Not much to say about this one, which comes across as a decent, if rather workmanlike, liner-notes style approach to the band. The lot were so contentious that I ended up not much admiring the band members by the end of it all. Best thing was getting reintroduced to the Airplane's live album, "Bless Its Pointed Little Head."
Great read especially covering the epic 1960’s. The book takes you from the beginning all the way into the Starship era and back to the reunited Airplane’s last stand. Great brief comments by the parties involved keep it all together. Recommended if you love Jefferson Airplane or the 1960’s San Francisco scene.

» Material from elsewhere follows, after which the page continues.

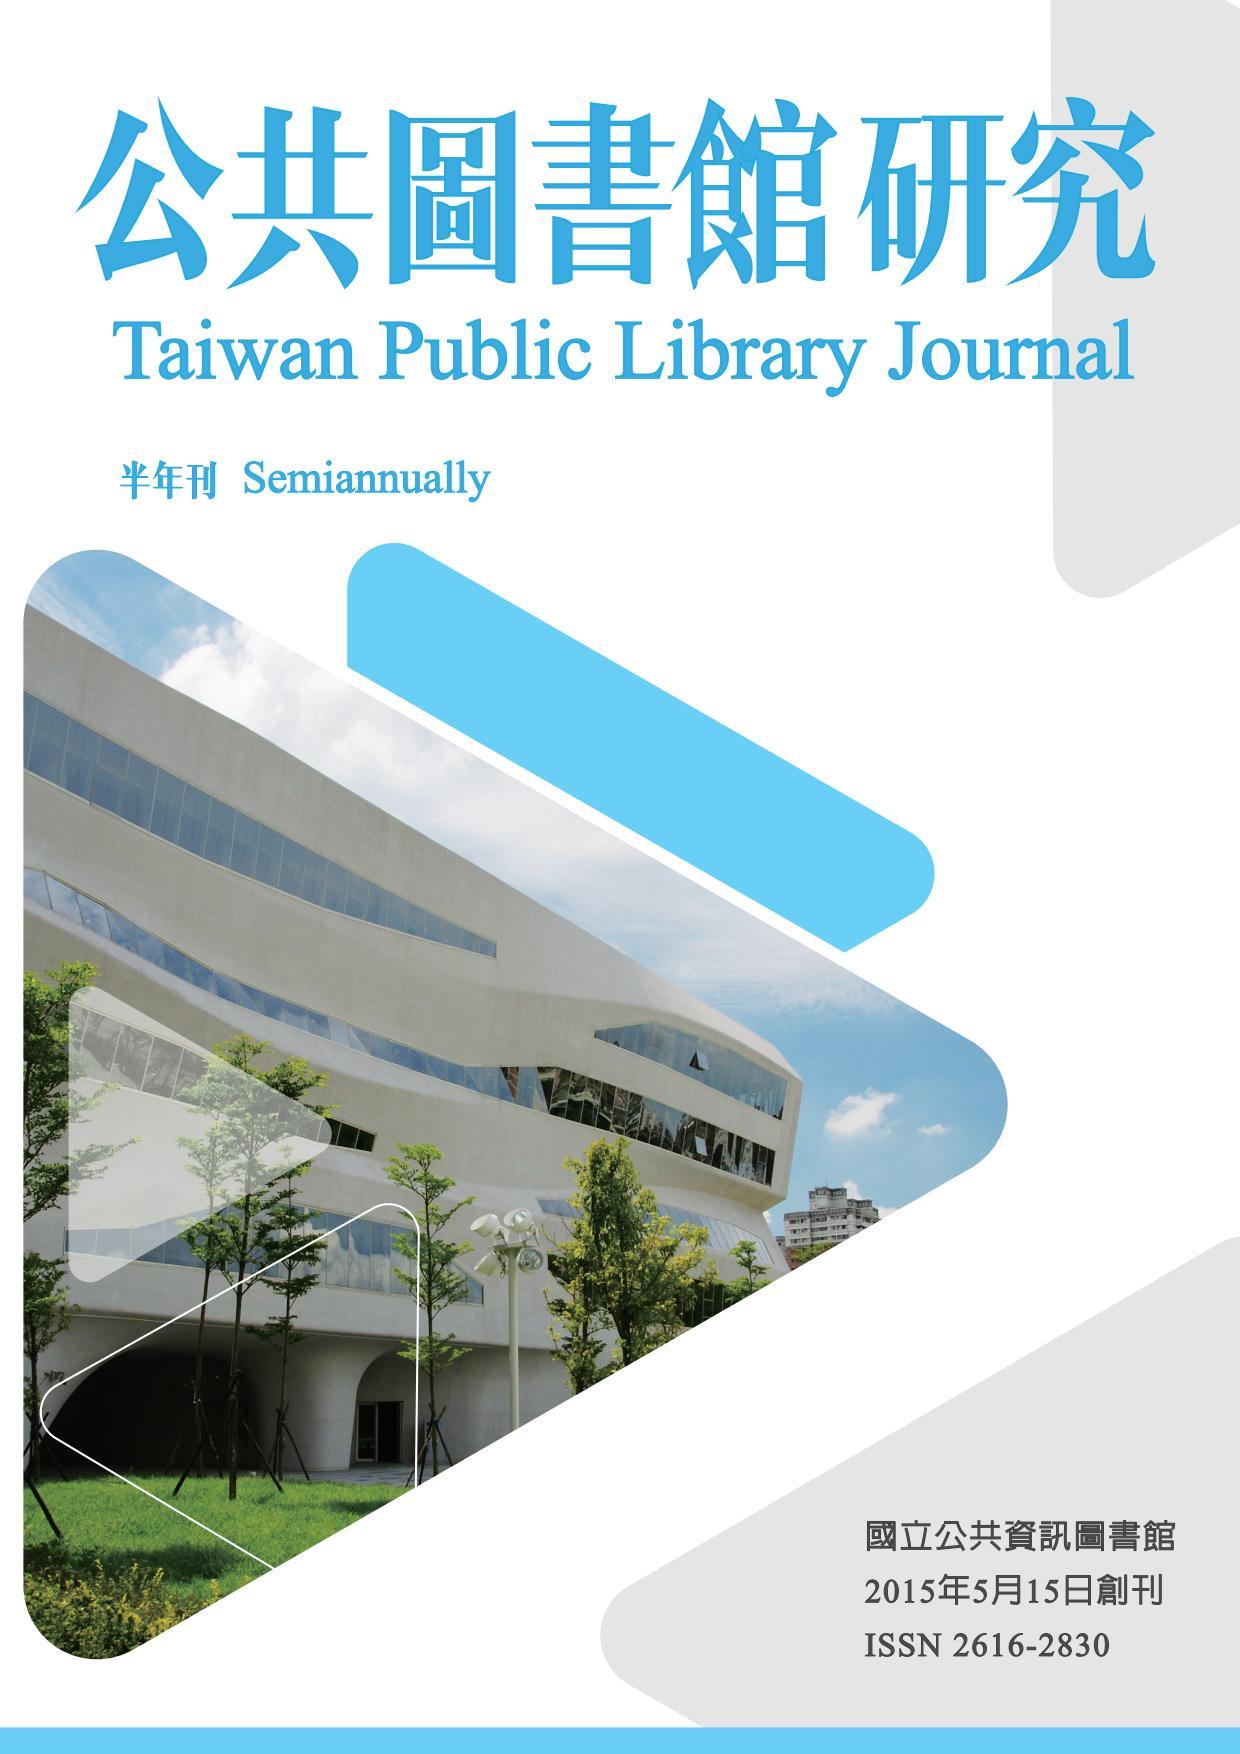 《公共圖書館研究》第8期(2018.11.15)全文

I got quite a bit of information out of this book; I just didn't feel like I got inside the "characters." At one point the author writes: "In late 1964, Marty Balin's wife left him and took their baby with her." End of anecdote and on to how he met Bill Thompson! You never get much of a sense of the inner lives of these musicians. In spite of that, it is probably a better than average rock book, with lots of detail about fights and troubles and the band's ups and downs. I wish the author had spent more time on the band's beginnings and less time on the long and drawn-out end. 3.5 stars.
As often happens when I read biographies of rock bands and/or musicians, I come away with a somewhat saddening sense of regret. It's similar to the expression "you don't want to see the sausage being made." Even though I know we're all human and have our myriad failings as people and artists, it's a bit disheartening nonetheless to see our one time heroes being depicted, as is so often the case, as way less than flawless specimens of coolness. But this is still a very informative read and I recommend it to anyone who was ever a fan of the Airplane as it is better to live without the glossy lens of adulation for our stars and get to the real truth of what it sometimes means to lead a creative life, greed, hate, turbulence, et al.
"I saw Jefferson Starship in Glasgow last month so it prompted me to read this book again.(I read it on 14 December 2007) It is definitely worth a read for people who have heard the music of Jefferson Airplane and Jefferson Starship. It was written in 2003 so could probably do with an update to cover events since then." was what I wrote on 1 November 2012.
Reading the book for the third time I still found it a fascinating read.
Bit dry, and no one comes out of it really likable. But the book covers the band and its convoluted history over the years in good detail. Worth reading for anyone interested in the Airplane or the San Francisco scene.